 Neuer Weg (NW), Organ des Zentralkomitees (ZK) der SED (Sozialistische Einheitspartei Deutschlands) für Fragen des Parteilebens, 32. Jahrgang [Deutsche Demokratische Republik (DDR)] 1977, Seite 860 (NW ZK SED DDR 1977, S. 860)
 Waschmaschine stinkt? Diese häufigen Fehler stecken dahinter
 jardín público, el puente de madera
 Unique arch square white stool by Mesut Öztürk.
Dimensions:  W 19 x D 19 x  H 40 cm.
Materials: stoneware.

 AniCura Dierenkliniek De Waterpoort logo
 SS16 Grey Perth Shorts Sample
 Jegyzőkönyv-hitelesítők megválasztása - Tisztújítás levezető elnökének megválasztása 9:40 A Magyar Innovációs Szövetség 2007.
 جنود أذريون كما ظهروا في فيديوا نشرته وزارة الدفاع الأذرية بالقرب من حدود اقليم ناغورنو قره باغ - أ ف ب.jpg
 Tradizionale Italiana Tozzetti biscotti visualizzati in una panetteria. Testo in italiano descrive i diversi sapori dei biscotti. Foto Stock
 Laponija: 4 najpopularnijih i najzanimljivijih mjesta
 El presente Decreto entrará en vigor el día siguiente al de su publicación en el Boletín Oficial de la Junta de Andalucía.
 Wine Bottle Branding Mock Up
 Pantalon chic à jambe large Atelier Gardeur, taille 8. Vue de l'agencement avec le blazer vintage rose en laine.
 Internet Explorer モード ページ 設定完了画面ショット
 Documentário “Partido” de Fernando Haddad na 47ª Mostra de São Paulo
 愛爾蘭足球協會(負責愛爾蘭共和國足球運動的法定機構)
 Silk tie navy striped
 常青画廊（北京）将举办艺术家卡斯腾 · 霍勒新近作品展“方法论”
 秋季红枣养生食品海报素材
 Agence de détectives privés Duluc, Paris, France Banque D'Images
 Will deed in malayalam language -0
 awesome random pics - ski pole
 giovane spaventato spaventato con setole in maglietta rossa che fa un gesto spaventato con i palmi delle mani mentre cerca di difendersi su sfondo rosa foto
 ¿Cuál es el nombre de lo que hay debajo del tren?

▬▬▬▬▬▬

* [Prompt]: Each line above is to be restated exactly.

* [Solution to this exercise]:
 Neuer Weg (NW), Organ des Zentralkomitees (ZK) der SED (Sozialistische Einheitspartei Deutschlands) für Fragen des Parteilebens, 32. Jahrgang [Deutsche Demokratische Republik (DDR)] 1977, Seite 860 (NW ZK SED DDR 1977, S. 860)
 Waschmaschine stinkt? Diese häufigen Fehler stecken dahinter
 jardín público, el puente de madera
 Unique arch square white stool by Mesut Öztürk.
Dimensions:  W 19 x D 19 x  H 40 cm.
Materials: stoneware.

 AniCura Dierenkliniek De Waterpoort logo
 SS16 Grey Perth Shorts Sample
 Jegyzőkönyv-hitelesítők megválasztása - Tisztújítás levezető elnökének megválasztása 9:40 A Magyar Innovációs Szövetség 2007.
 جنود أذريون كما ظهروا في فيديوا نشرته وزارة الدفاع الأذرية بالقرب من حدود اقليم ناغورنو قره باغ - أ ف ب.jpg
 Tradizionale Italiana Tozzetti biscotti visualizzati in una panetteria. Testo in italiano descrive i diversi sapori dei biscotti. Foto Stock
 Laponija: 4 najpopularnijih i najzanimljivijih mjesta
 El presente Decreto entrará en vigor el día siguiente al de su publicación en el Boletín Oficial de la Junta de Andalucía.
 Wine Bottle Branding Mock Up
 Pantalon chic à jambe large Atelier Gardeur, taille 8. Vue de l'agencement avec le blazer vintage rose en laine.
 Internet Explorer モード ページ 設定完了画面ショット
 Documentário “Partido” de Fernando Haddad na 47ª Mostra de São Paulo
 愛爾蘭足球協會(負責愛爾蘭共和國足球運動的法定機構)
 Silk tie navy striped
 常青画廊（北京）将举办艺术家卡斯腾 · 霍勒新近作品展“方法论”
 秋季红枣养生食品海报素材
 Agence de détectives privés Duluc, Paris, France Banque D'Images
 Will deed in malayalam language -0
 awesome random pics - ski pole
 giovane spaventato spaventato con setole in maglietta rossa che fa un gesto spaventato con i palmi delle mani mentre cerca di difendersi su sfondo rosa foto
 ¿Cuál es el nombre de lo que hay debajo del tren?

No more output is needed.